[Task objective] Beginning with the line that contains "Preptember - Prepare For HacktoberFest 2021", repeat each line exactly through the end of the listing below. Pictures stay out.

[Given data]
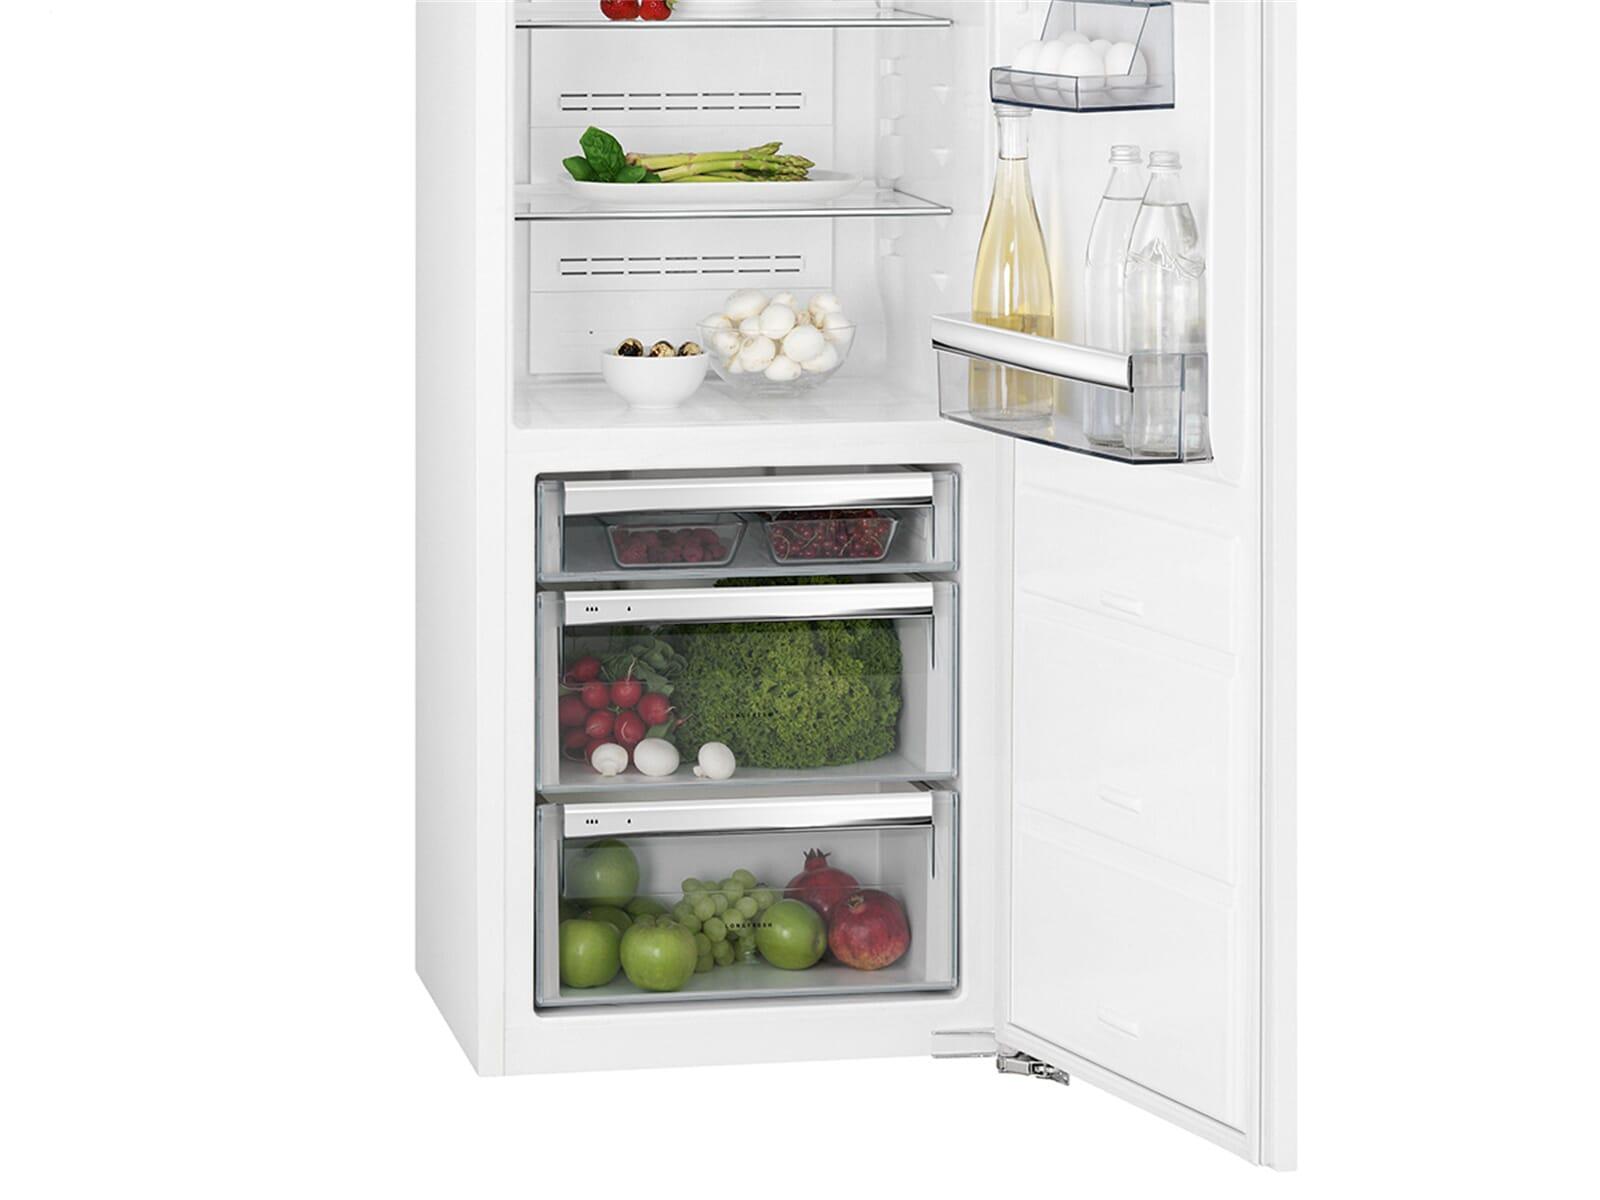 Aeg Kühlschrank Biofresh : Aeg ske zc einbaukühlschrank
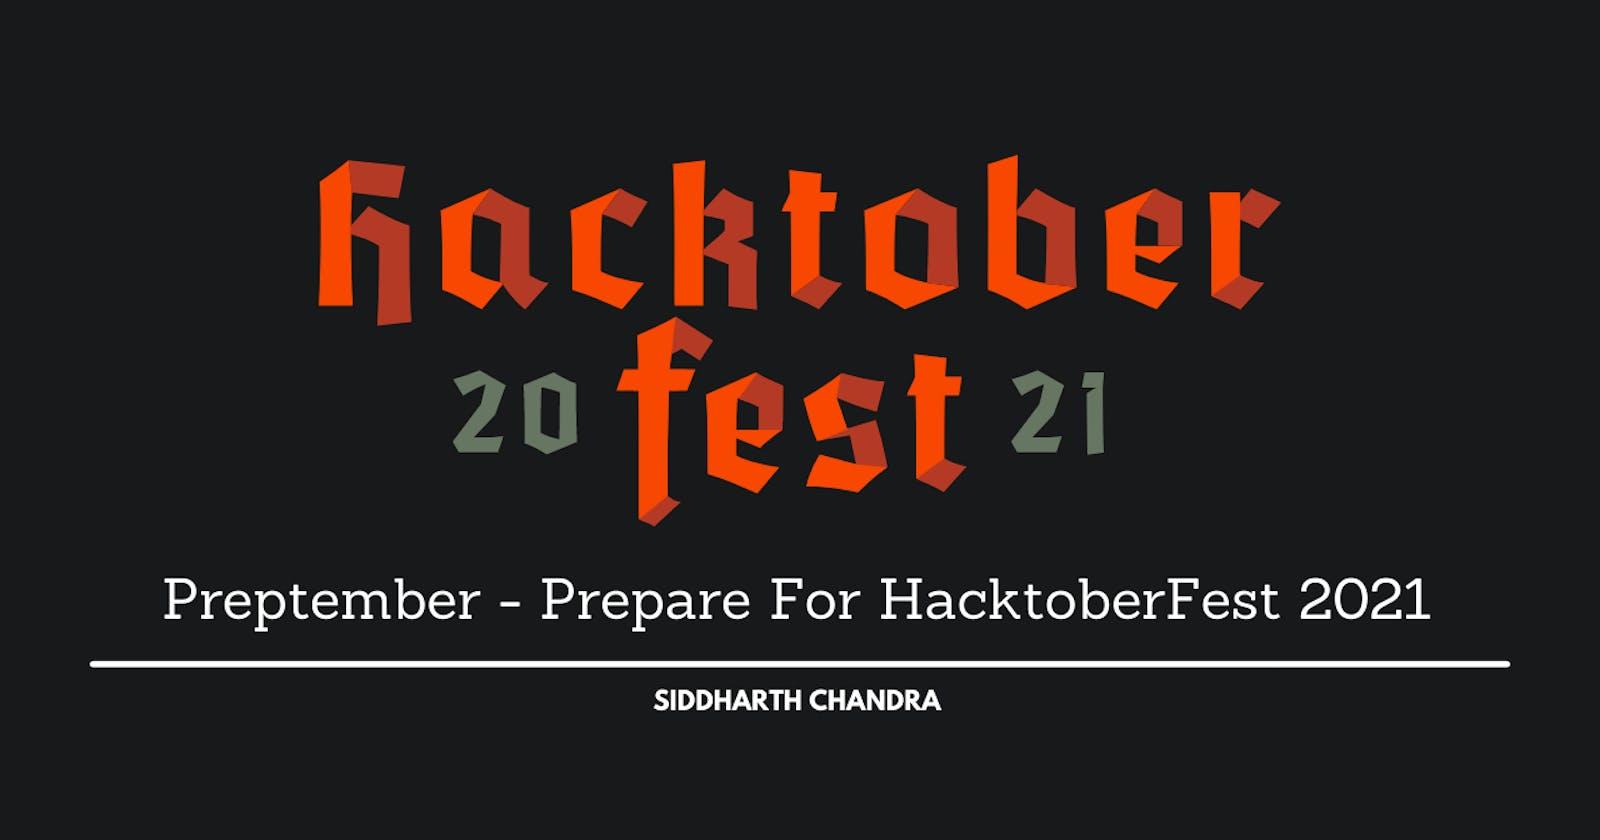 Preptember - Prepare For HacktoberFest 2021
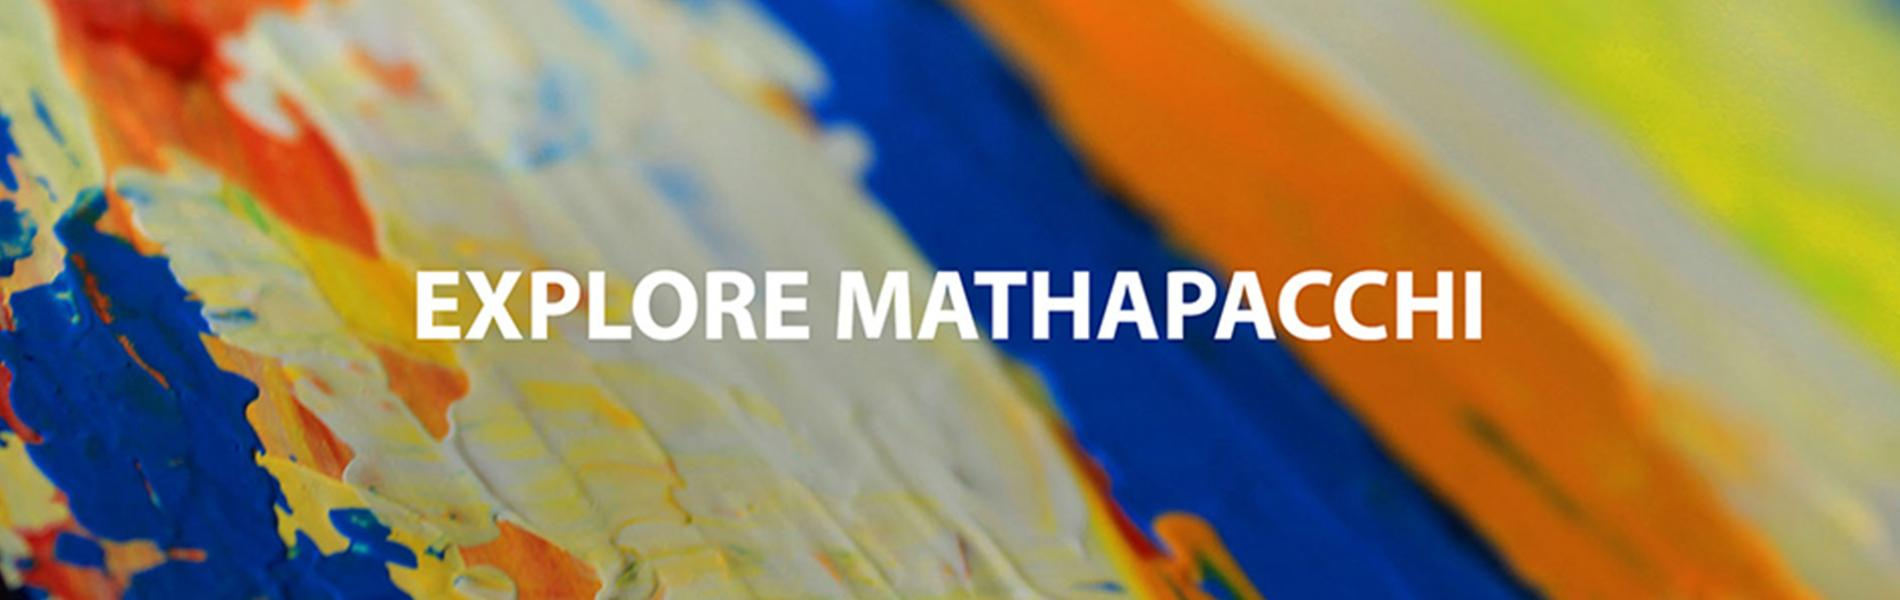 Mathapacchi by Swati Chauhan

[Answer to the problem]
 Preptember - Prepare For HacktoberFest 2021
 Mathapacchi by Swati Chauhan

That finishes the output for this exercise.